The intifada drew its momentum not only from the Palestinians' profound sense of frustration, humiliation, and despair but also from their swift upsurge of belief that a relatively easy and effective way had been found to neutralize Israel's enormous military advantage. This belief was reinforced by a series of grave errors on the part of the Israelis, who had likewise underestimated the depth and force of feeling powering the rebellion. In addition to a failure to send reinforcements into the territories quickly and an unconscionable lack of proper equipment, the army was too selective in its use of the curfew—a standard means of restoring order and providing a cooling-off period—and the demonstrations were able to continue without respite and feed off each other. For the entire first month of unrest the standing orders were not to disperse demonstrations unless attempts were made to block arteries or attack soldiers. In a number of places the Palestinians took this to mean that they could barricade themselves inside villages and camps, and they proceeded to do so, declaring Bir Zeit, Salfit, and other towns on the West Bank "liberated areas."
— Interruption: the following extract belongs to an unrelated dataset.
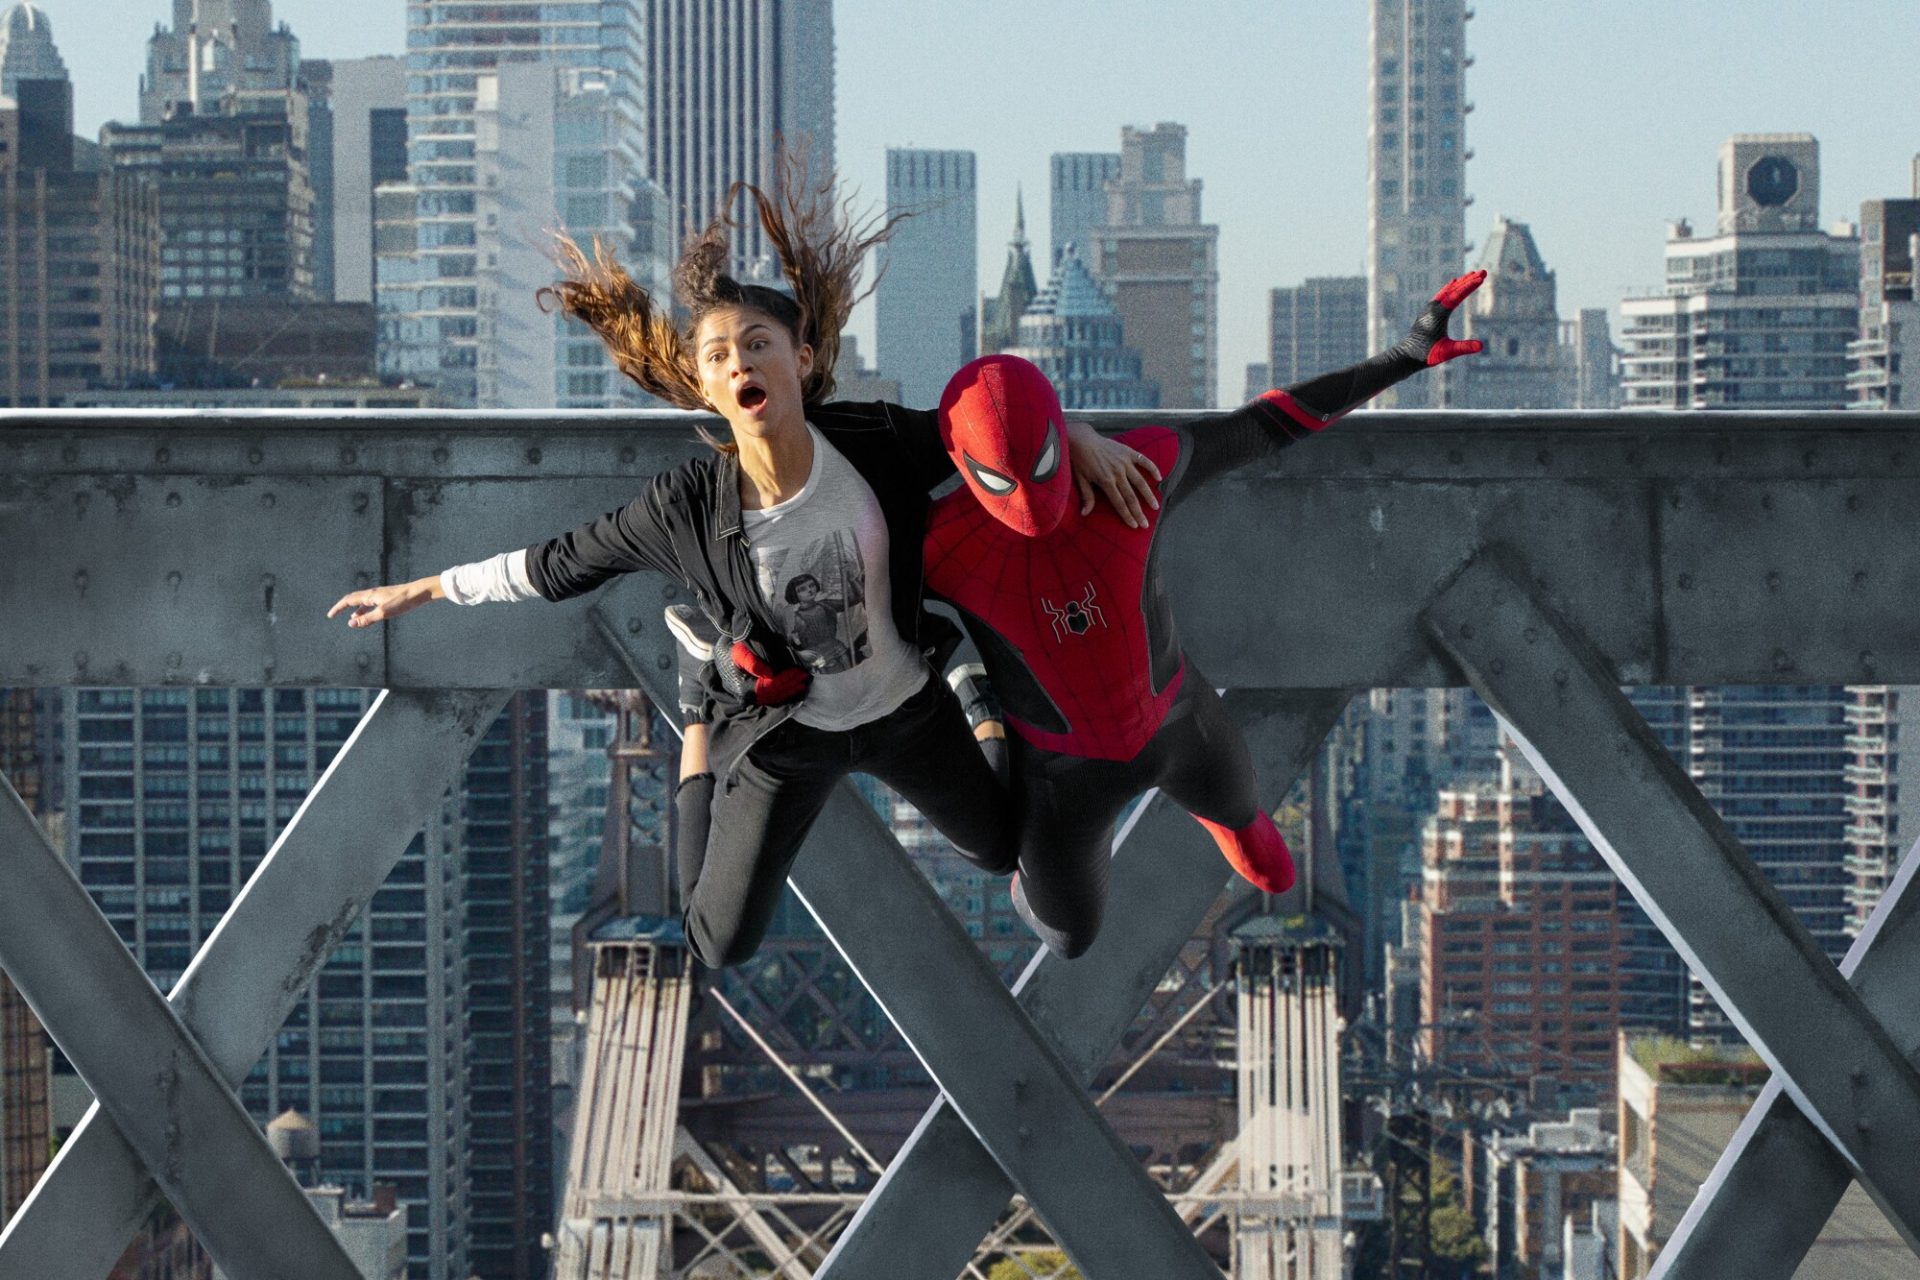 M*mees! con el nuevo trailer de Spider-Man: No Way Home

Several weeks after the uprising began, the Israeli army added truncheons to the otherwise mostly lethal weapons of units in the territories, and shifted to a more generalized application of the curfew, the dispersal of demonstrations by force as soon as they began, and the securing of places where riots were most likely to erupt. In a closed session with the ranking officers in the field Defense Minister Rabin made it plain that he preferred to have the world chastise Israel for being too tough than to have the Palestinians conclude that it had lost its clout and its control over the territories. By that point, however, a broad section of the Palestinian public had been buoyed by the taste of success, and the groundwork had been laid for what would later be called a war of attrition.
The strength of the intifada lay to a large degree in its lack of organization, and the aspect of spontaneity remained even after weeks of confrontation. Different places acted in different ways, at different paces, and with different levels of violence. The common denominator was an appreciation of the need to keep up the momentum without turning to firearms and incurring the predictable consequences of their use. Following these unwritten rules, the riots continued to move in a hiccuping zigzag from one place to another, producing a steady yield of curfews, clashes, and casualties.
The young militants effectively maneuvered the local merchants into the position of buffer between them and the army. By forcing storekeepers to close their shops, knowing full well that the army would force them to open again, the hard-core activists were able to wage a struggle on the backs of the least militant sector of all. Gangs of youngsters organized within the refugee camps and slums, which the army avoided entering for quite some time while attending to the striking merchants (who forfeited 20 to 30 percent of their business). Neither the shopkeepers nor factory owners dared fire any of their employees during the extended commercial strike; at most they might try to cut back on their wages. Throughout the strike and curfews, many workers continued to steal out of the refugee camps and report to their places of work in Israel—out of economic necessity—but they were merciless to any merchants who tried to carry on business, torching their shops, sending threatening notes, and sometimes even beating the offenders. In Gaza, for instance, it came out that after setting fire to the buses used to transport workers to the packing houses of the city's rich citrus growers, the arsonists continued on to their own jobs in Israel.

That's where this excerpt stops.